Wednesday, August 15, 2007

Conor Foley stamps on Clark

Neil Clark in his piece on denying Asylum to the Iraqi translator “Quislings” used by British troops in Iraq wasn’t justifying attacks against Brit troops he was justifying the murder of Iraqi non combatants. No matter what “stance” you take - that is incitement to a crime in international law……

From Conor Foley on the “Quislings” thread:

Since Clark rests part of his incitement to murder on international law (and clearly the terms in which he has described these civilian staff as 'legitimate targets' does constitute such an incitment), it is worth explaining one point here.

There is an overwelming consensus that the invasion of Iraq was illegal. However, the notion that people 'collaborating with the occupation' are war criminals is rubbish. On the contrary, the statute of the International Criminal Court, which is largely based on the Geneva Conventions, specifically states that what Clark is advocating is a war crime. You can find the link here:

It is worth reading Article 8 on war crimes.

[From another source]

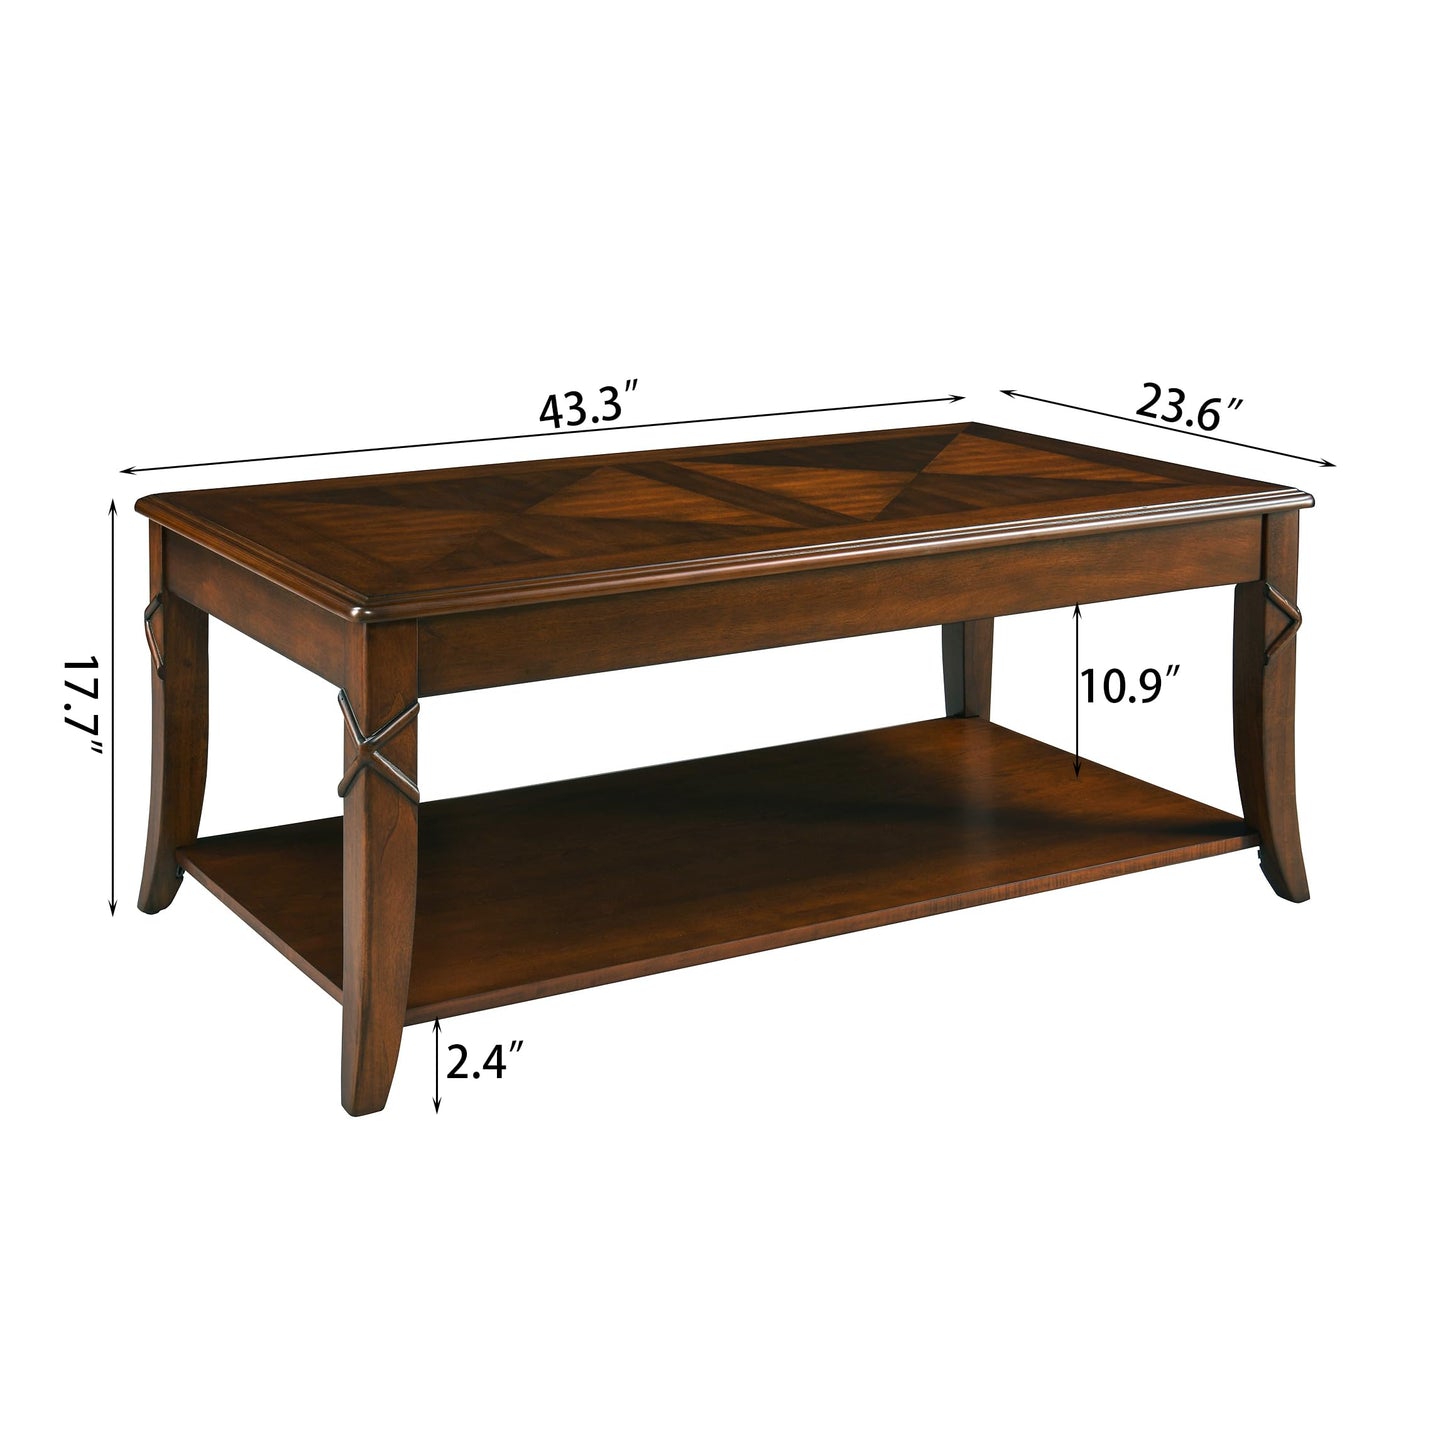 UMARTY Rectangle 43" Solid Wood Coffee Table, Handmade Crafts Living Room Furniture, Mid-Century Modern Coffee Table with Storage Shelf, Cherry

Amongst the crimes that it lists are:
'Intentionally directing attacks against the civilian population as such or against individual civilians not taking direct part in hostilities'.

The second half of that sentence was specifically written to protect those whom Clark calls 'collaborators'. He goes on to argue against a basic principle of human rights law (enshrined in the UN Convention against Torture, the Refugee Convention and the European Convention on Human Rights) that people fleeing persecution should be denied sanctuary in Britain, so we can assume that his commitment to international law is fairly selective.

What is more interesting is whether or not this article, through its clear incitment to people to commit war crimes (his repeated refusal to distinguish between military combatants and civilians), would actually make Clark himself liable to criminal prosecution. The Rwanda radio case springs to mind and war crimes have universal jurisdiction. I think that the police and attorney general might want to have a word here.